Constantine Karbaliotis, an expert in global privacy compliance and privacy management with nNovation LLP, believes that Bill 64 is going to have profound implications for business both in Quebec and in Canada. “What Quebec’s Bill 64 really means is that GDPR has come to Canada,” remarked Karbaliotis.
Businesses are concerned about the steep penalties, compliance costs, the amount of legwork they have to accomplish in a relatively short period of time, and the legal uncertainty that may stem from Quebec’s “unique drafting style” as well as the potential lack of harmonization between privacy legislation and obligations with the rest of Canada, noted Charles Morgan, national co-leader of the cyber-data group at McCarthy Tétrault LLP.
Canada’s privacy regime is a patchwork of federal and provincial laws, some of which are the subject of ongoing consultations. Privacy reform has lagged at the federal level, with the status of federal Bill C-11 being uncertain, but several provinces are forging ahead. Ontario recently released a white paper for its provincial private sector privacy law that appears to draw elements from Bill 64, Alberta launched public consultations on privacy protections, and Nova Scotia’s premier Tim Houston announced the province would make changes to its privacy legislation. As is the case with Quebec, the efforts are partly driven by high-profile data breaches, the need to modernize legislation so that it takes into account contemporary technology, and a desire to maintain its “adequacy” status for European personal data transfers under GDPR, according to privacy experts.

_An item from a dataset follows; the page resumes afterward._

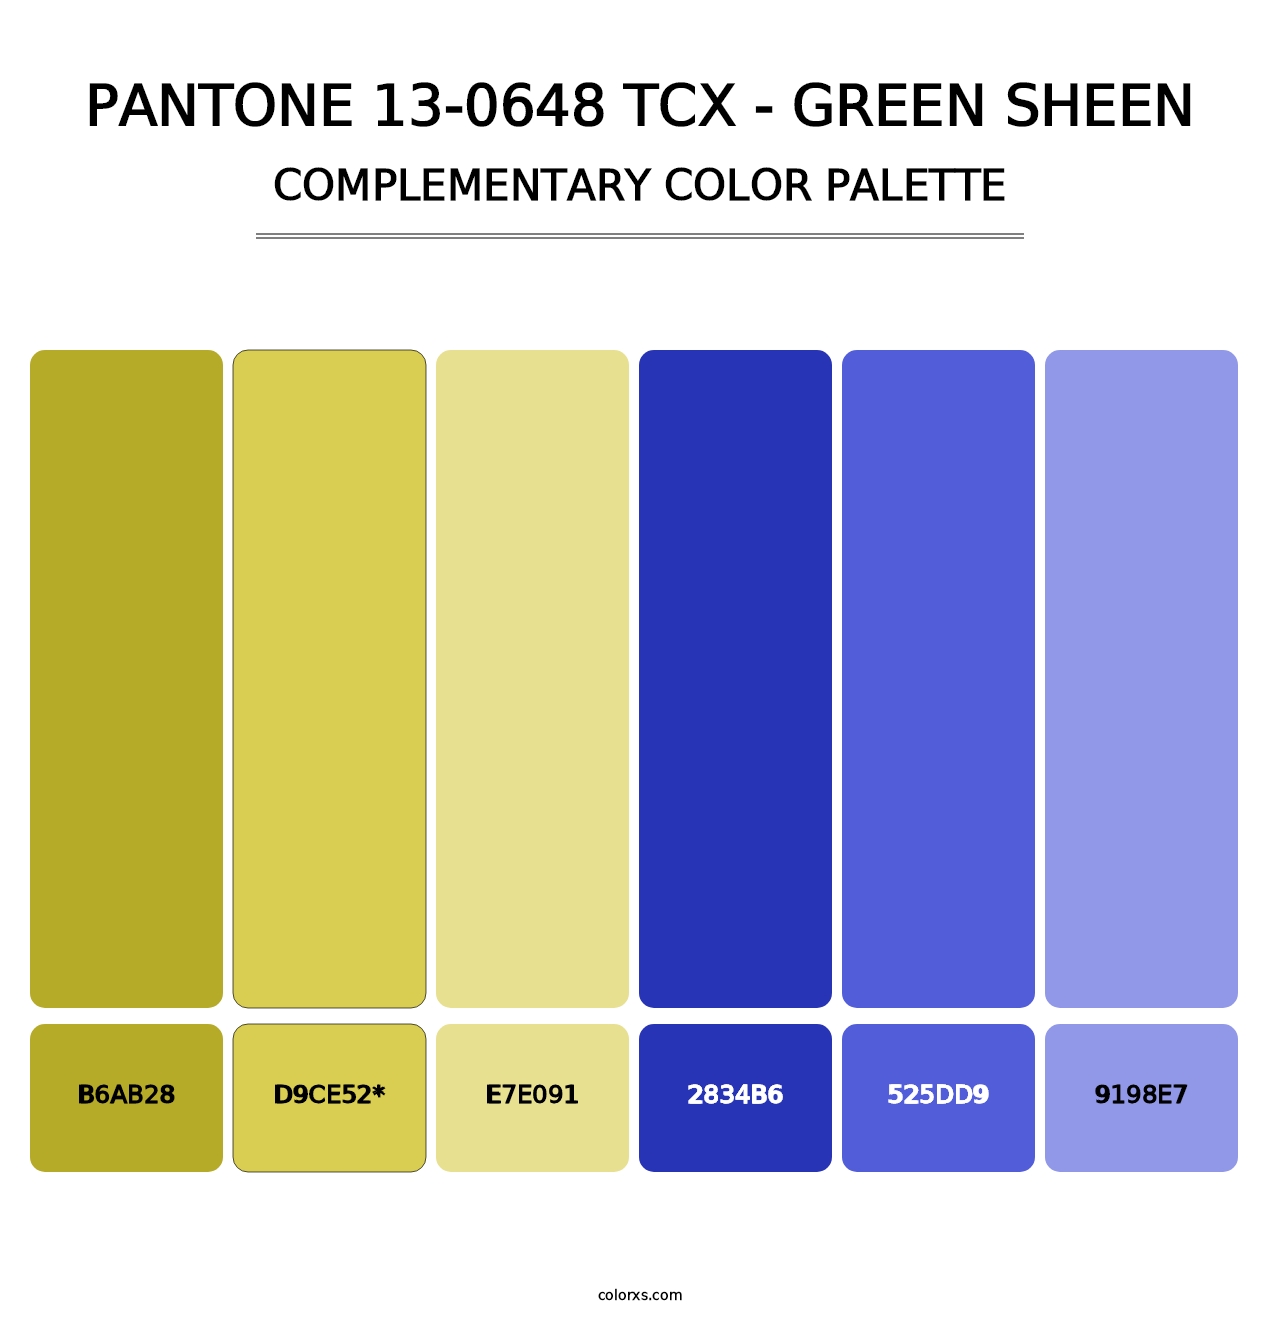 PANTONE 13-0648 TCX - Green Sheen - Complementary Color Palette

“Everybody’s going to be looking at Bill 64 as both at the federal and provincial level will work to maintain its adequacy status,” said Morgan. “It’s really, really important that we think about harmonization across the country. But there could also be a desire for privacy arbitrage. In other words, some provinces may make a policy decision to make their provincial privacy regime more sort of business friendly in order to attract business. So there could be a lack of harmonization because some provinces decided to have a different balance between individual rights, the practicalities of a modern economy and business needs.”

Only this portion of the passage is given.